Едва ступив на эту территорию, неотделимую от литературы, под сень манго и нескольких пальм, несомненно росших здесь и когда дома еще не было в помине, Марио Конде почувствовал, что снова возвращается в святилище своей памяти, которое он предпочел бы держать на замке, под охраной приятной и сдержанной ностальгии. Более двадцати лет не приезжал он в усадьбу, где до этого бывал — увы, всегда без приглашения — десятки раз и поднимался по этим самым ступеням вслед за другими посетителями, словно участвуя в торжественной процессии: то были далекие уже времена, когда он тоже мечтал стать писателем, и миф о старом горном леопарде, со всеми его военными и охотничьими подвигами, с его отточенными, как бритва, рассказами и насыщенными жизнью романами, с его такими, казалось бы, простыми и одновременно такими глубокими диалогами, был идеальной моделью того, какой может быть литература и каким должен быть человек, подчинивший свою жизнь этой литературе, живя для нее и ради нее. В те дни каждую его книгу Конде читал по нескольку раз, но еще чаще приезжал сюда и заглядывал в окна дома писателя, вскоре после его смерти превращенного в музей, чтобы проникнуться духом этого человека, разглядеть его среди больших и малых охотничьих трофеев, которыми он окружал себя на протяжении своей жизни.

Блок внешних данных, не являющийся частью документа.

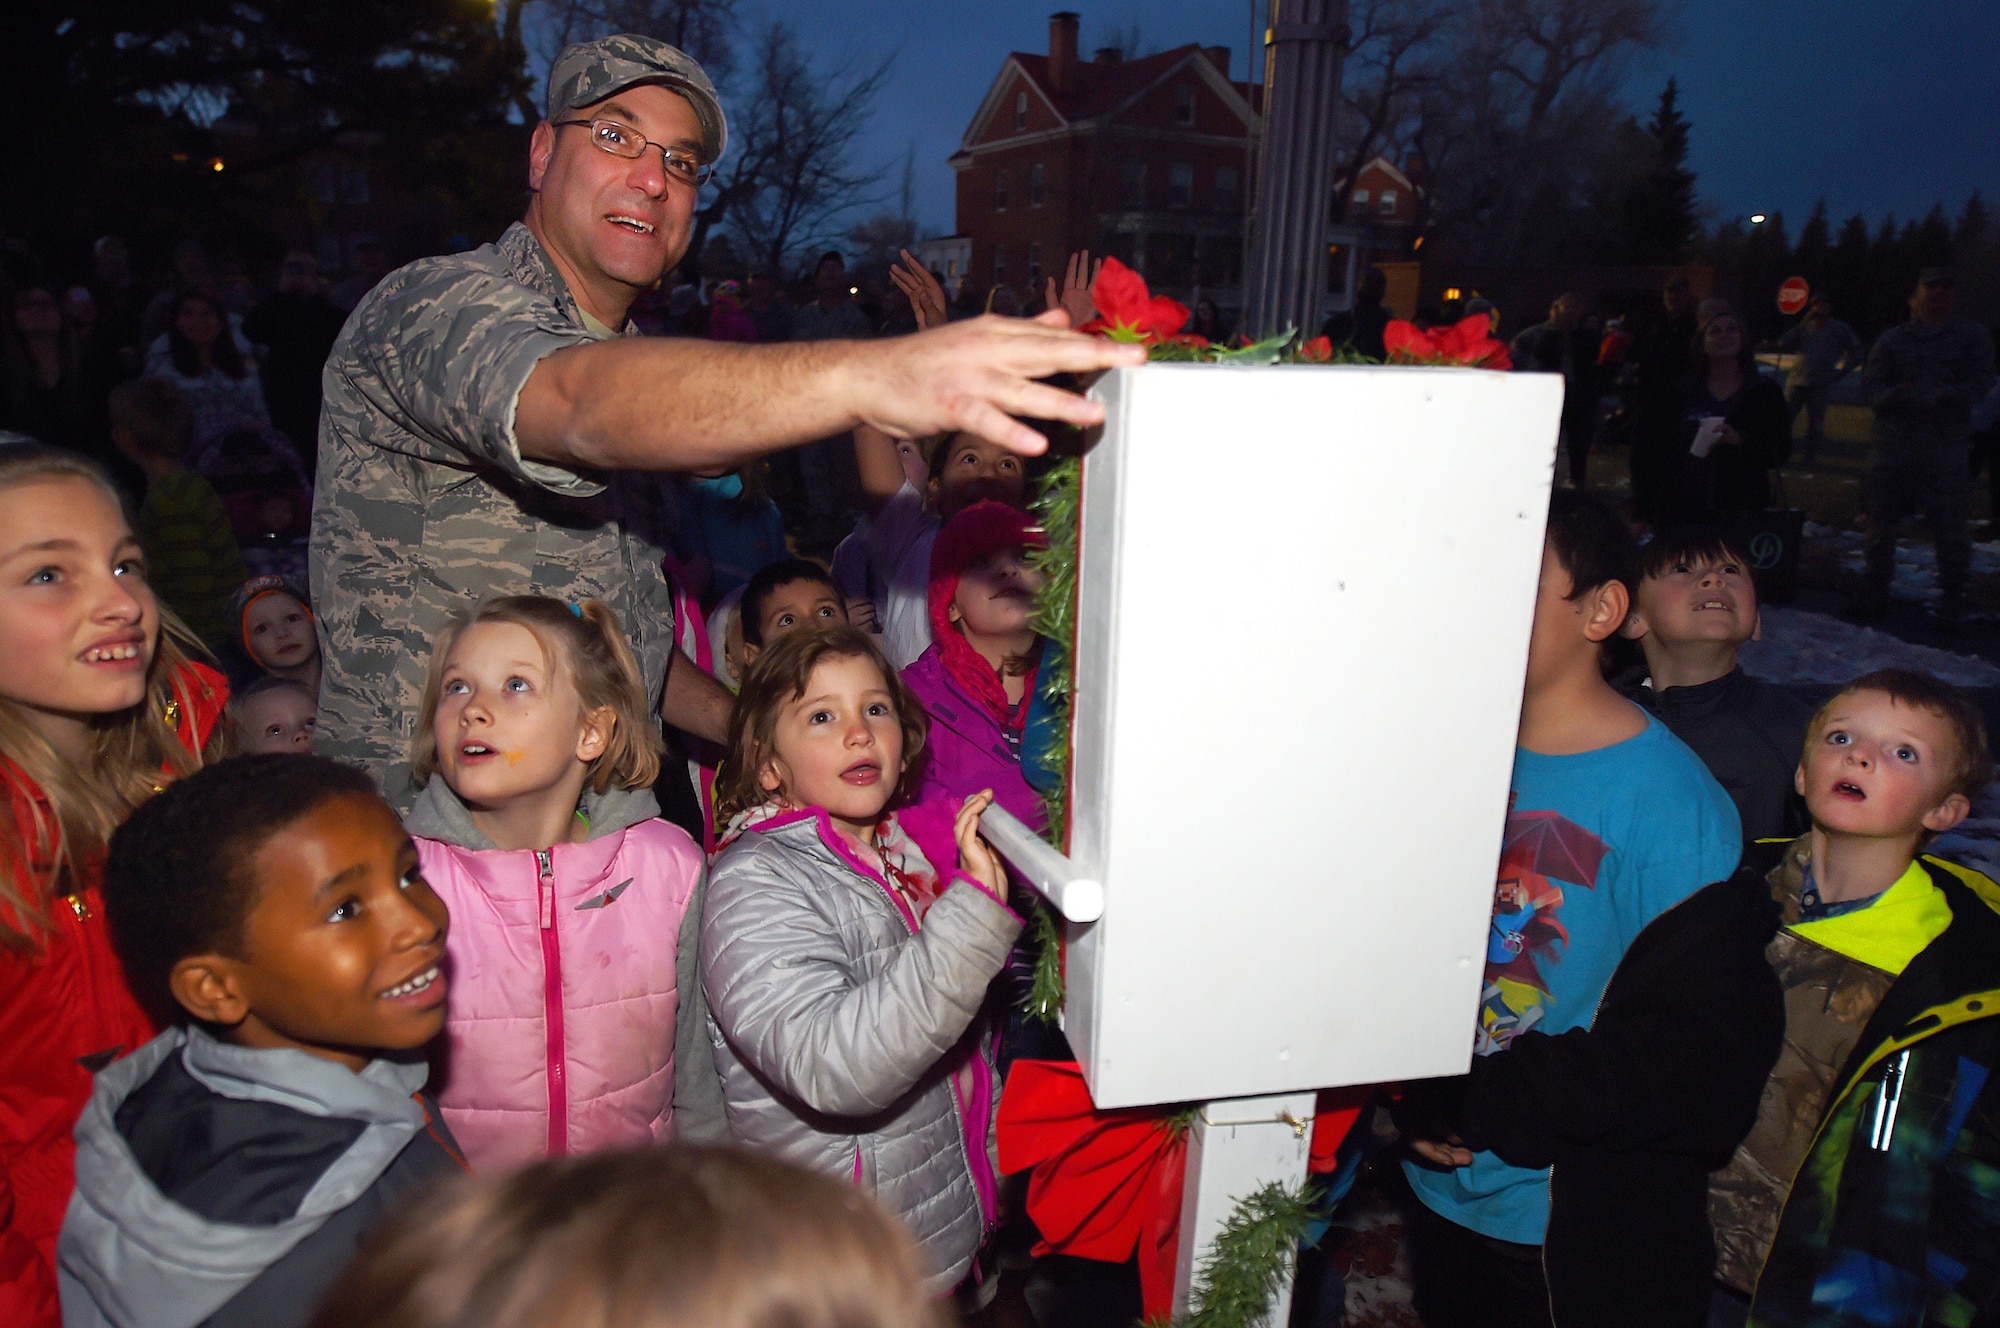 Children of the F.E. Warren Air Force Base, Wyo., community help Col. Stephen Kravitsky, 90th Missile Wing commander, flip the switch lighting the base's holiday tree Dec. 4, 2015. After the lighting, the festivities moved into the Fall Hall Community Center where children were able to visit with Santa and Mrs. Claus, decorate cookies and other crafts, and their parents strolled through stalls selling a wide assortment of craft items. (U.S. Air Force photo by R.J. Oriez)

Из всех поездок в дом Хемингуэя в те годы, упорно старавшиеся выглядеть в его глазах лучшими, с особой болью Конде вспоминал ту, что организовал со своими школьными друзьями. В его памяти сохранилось все, вплоть до мельчайших подробностей: была суббота, утро, и они договорились встретиться на лестнице перед школой. Пришли Тощий Карлос, который тогда еще был тощим; Дульсита, за которой Тощий ухаживал; Андрес, здорово игравший в бейсбол и уже мечтавший о карьере врача, но ведать не ведавший, что в один прекрасный день он решит уехать с Кубы; Кролик, помешанный на идее переписать заново историю; Кандито Рыжий с шапкой курчавых шафранных волос, пышущий здоровьем и уже тогда обладавший житейской мудростью — она подсказала ему положить в рюкзак два литра рома; и Тамара, такая красивая, что больно было на нее смотреть, — в нее к тому времени был не на шутку влюблен Марио Конде. Давние закадычные друзья стали его свитой в этом паломничестве, и он до сих пор с удовольствием вспоминал, как была изумлена красотой места Тамара, как радовался Андрес, обозревая панораму Гаваны с высоты Башни, как Кролик высказывал свое недовольство обилием охотничьих трофеев, развешанных по стенам дома, и как Рыжий поражался тому, что один человек может занимать такой огромный дом, тогда как сам он живет в невообразимой тесноте. Вспоминал он также, испытывая при этом теплую грусть, далеко не таинственное исчезновение Карлоса и Дульситы — спустя полчаса после того, как отделились от компании, они вышли из кустов, счастливые и улыбающиеся, исполнив то, что в те времена было первой заповедью их жизни: заниматься любовью, как только выпадает такая возможность. Стояло прекрасное утро, и Конде как истинный почитатель писателя бесцеремонно и назойливо усадил друзей вокруг бассейна и, пустив по кругу бутылку рома, прочел им полностью «На Биг-ривер», свой самый любимый среди всех рассказов Хемингуэя.